Insects have a fascinating respiratory system that differs significantly from humans. Instead of lungs, they rely on a network of small tubes termed tracheae. These tracheae enable the distribution of oxygen throughout the insect's body.

Here's how they work:

• The tracheae start at tiny openings on the insect's exoskeleton called spiracles.
• From these spiracles, the tracheae branch into smaller tubes, delivering oxygen directly to muscle tissues and organs.
• This system allows for an efficient diffusion process, providing oxygen without the need for blood-based oxygen transport, like in humans.

As a result of this direct diffusion, insects can maintain efficient respiration despite their small size. However, it also limits the maximum size they can achieve, as diffusion suffices for smaller organisms rather than larger ones.

Oxygen Concentration

Oxygen concentration plays a vital role in the diffusion process within an insect's tracheae. It determines how much oxygen is available for an insect to utilize for survival and activity.

The exercise you've worked on illustrates this concept well. The outside oxygen concentration is given as 0.28 kg/m³, which serves as the originating point of diffusion into the insect.

• Initially, there's more oxygen outside than inside, driving the diffusion process inward.
• The concentration of oxygen at the interior end of the trachea, obtained through calculations, reveals how much oxygen reaches the insect’s tissues, which, in this example, is approximately 0.42 kg/m³.
• The difference between the initial and resulting concentrations highlights how diffusion alters oxygen levels as it moves through the tracheae.

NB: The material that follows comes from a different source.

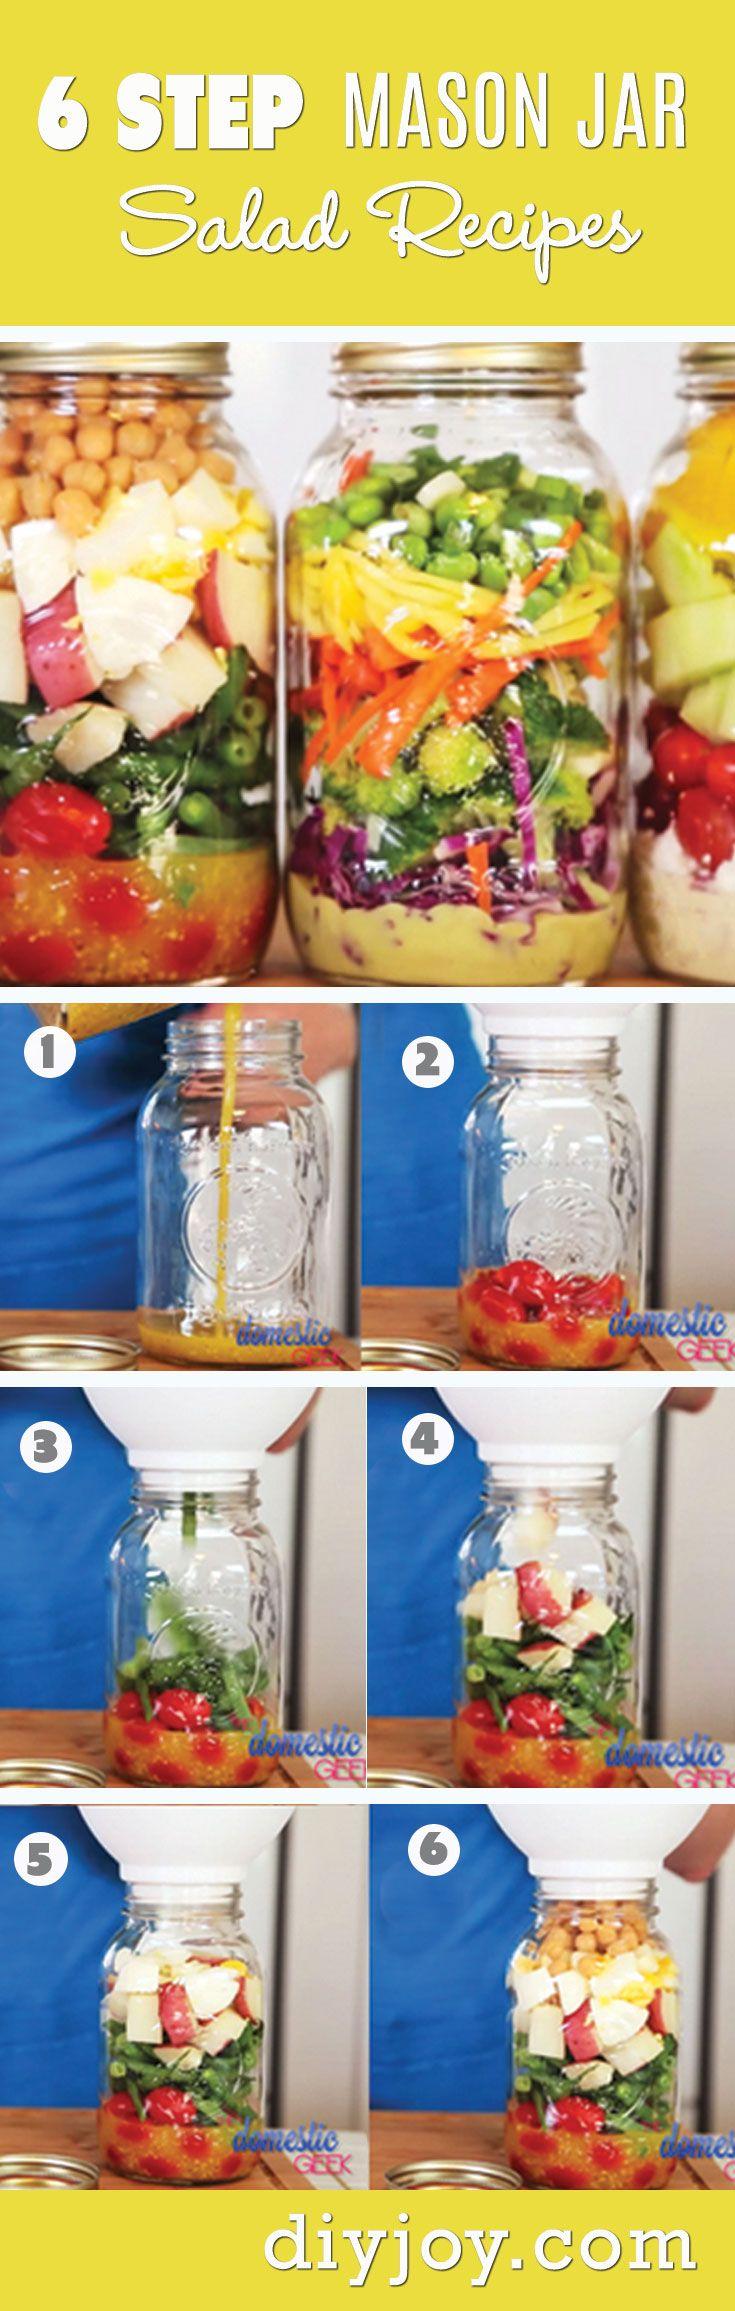 Mason Jar Salad Recipes - Recipes in A Jar and Easy Lunch Ideas at http://diyjoy.com/mason-jar-salad-recipes-in-a-jar

Understanding the concentration differences helps identify the efficiency of an insect's respiratory system and how external oxygen conditions might affect them.

Diffusion Constant

A key component that influences the rate of diffusion is the diffusion constant (denoted as D). In the exercise, this value is crucial for calculating how quickly oxygen travels along the tracheae.
What exactly is a diffusion constant?

• It describes how easily a substance moves through a medium, in this case, oxygen through air within a trachea.
• The given diffusion constant, 1.1 x 10^-5 m²/s, is specific to the medium and substance involved.
• Higher values indicate faster diffusion, whereas lower values suggest a slower process.

In the example, this constant helps determine how effectively oxygen diffuses from the outside through the length of the trachea to the animal's interior.
It is an essential factor in calculating real-life scenarios, allowing predictions and understanding of how insects breathe based on environmental conditions and biological structure.